Changing Lawyers by Changing Law Schools: Real-Life Client Contact

Christopher Columbus Langdell, first dean of Harvard Law School in 1870, formalized what is now classic legal education, pioneering the use of the Socratic method and a course of study driven by reading appellate court decisions. But “the world of law has changed,” Harvard Law School’s Dean Elena Kagan recently announced, and so finally has Harvard’s curriculum. This year first year law students will be required to take a new course, among others, on legal problem solving, i.e., resolving clients’ dilemmas rather than simply analyzing abstract legal issues. Other law schools, including Stanford and Northwestern, have incorporated similar programs into their curriculum. 

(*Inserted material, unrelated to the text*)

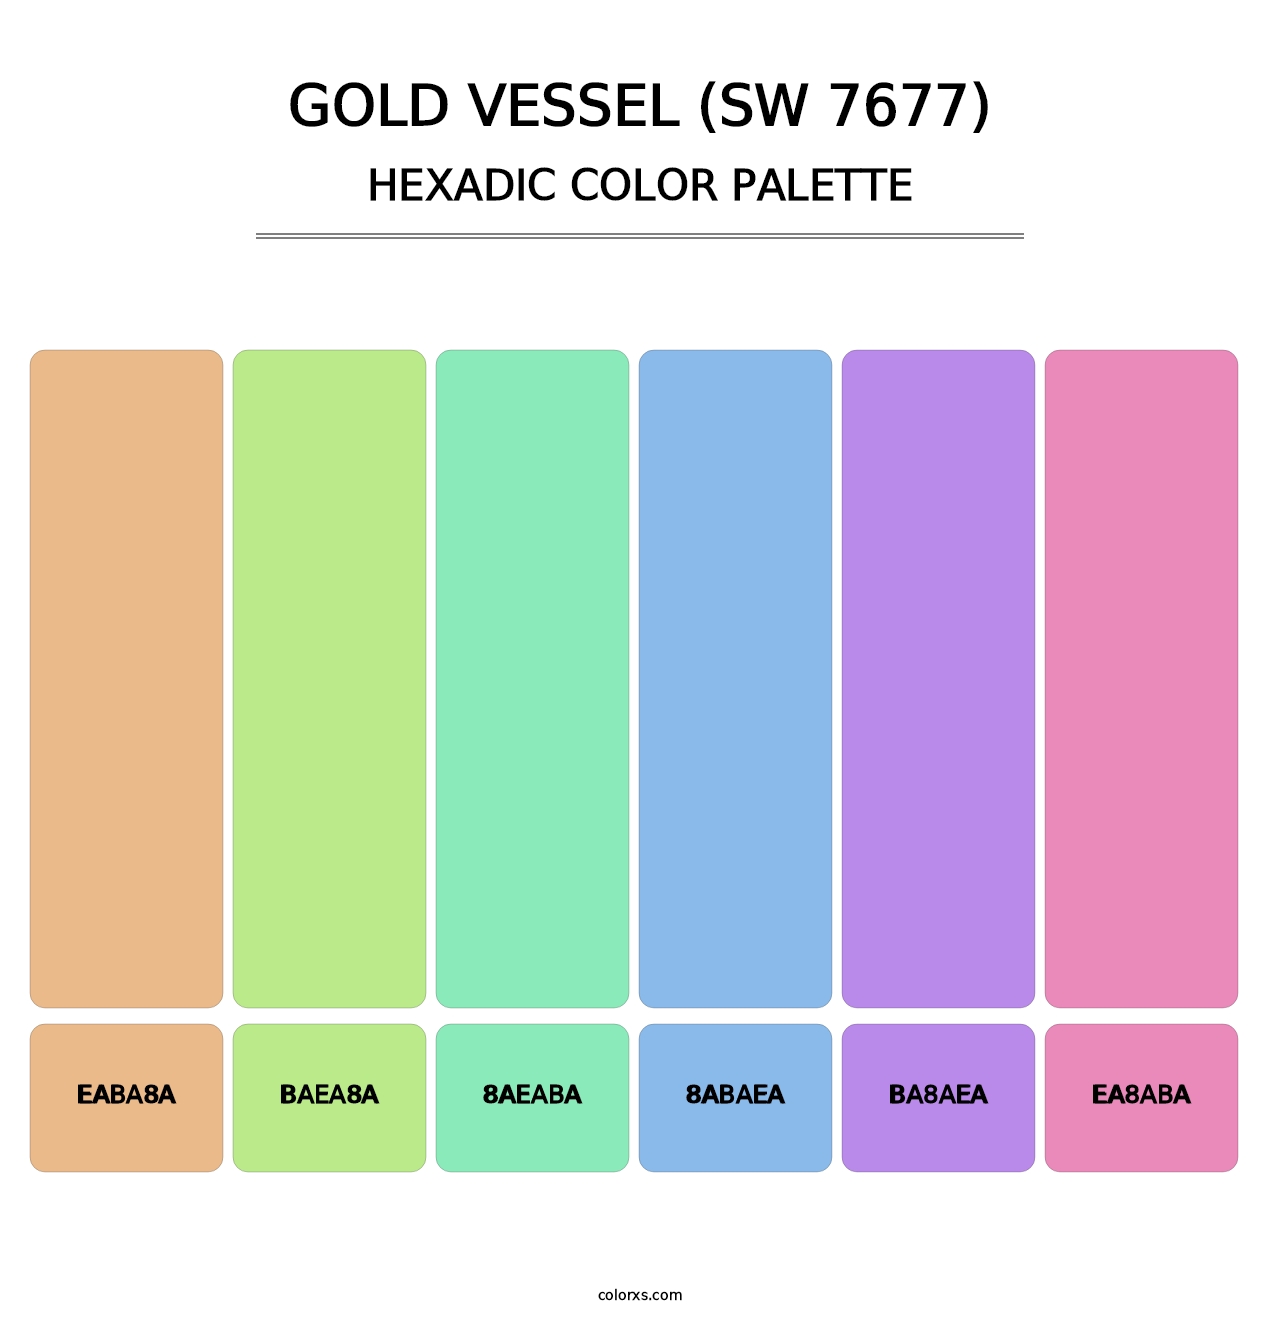 Gold Vessel (SW 7677) - Hexadic Color Palette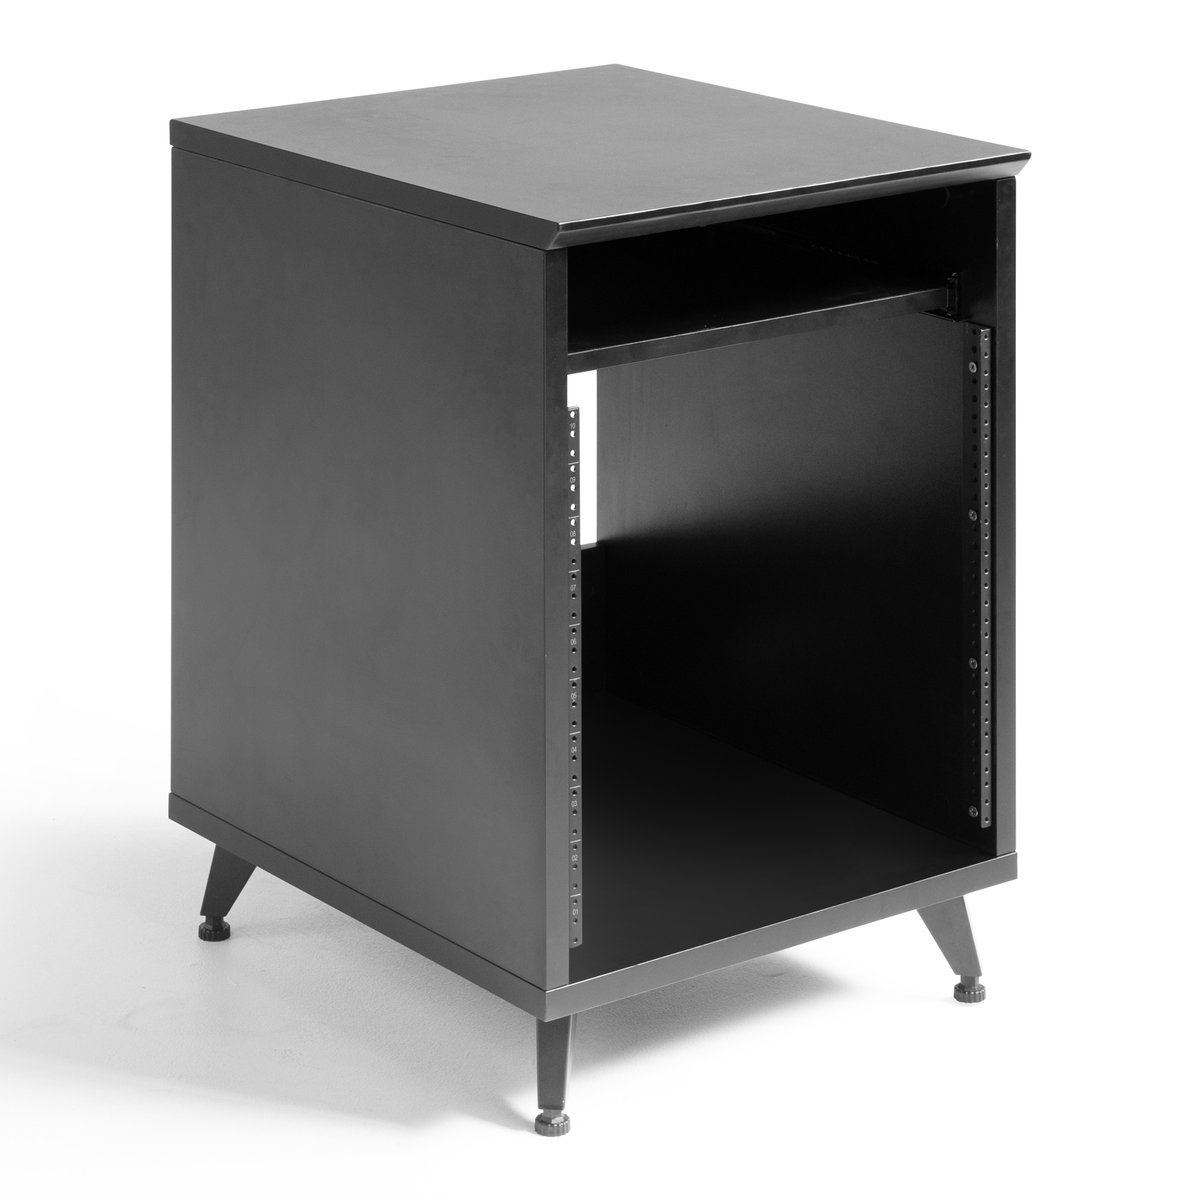 GFW-ELITEDESKRK-BLK Elite Series Furniture Desk 10U Rack – Black

A recent survey conducted by Pace University School of Law of midsize law firms in New York, Connecticut and New Jersey asked firms to name a law school with the ideal curriculum. Nearly 60% couldn’t identify even one. About a quarter of the firms cited the greatest weakness of law school graduates as a lack of real-world experience. Over 20% of the firms polled felt that law school curriculum should include some clinical experience.

“You can get a J.D. without having any connection with a client,” said Mark Heyrman, director of clinical programs at the University of Chicago Law School. “No medical student could graduate without at least having some patient contact.”

The clinical component of law school education is expanding. And there are external prods. The American Bar Association now requires accredited law schools to offer “real-life practice experiences.” Some state bars are also mandating certain client training before associates can interact with clients. And, as pointed out in an earlier blog note, corporate clients may designate how senior an associate has to be before working on their matters.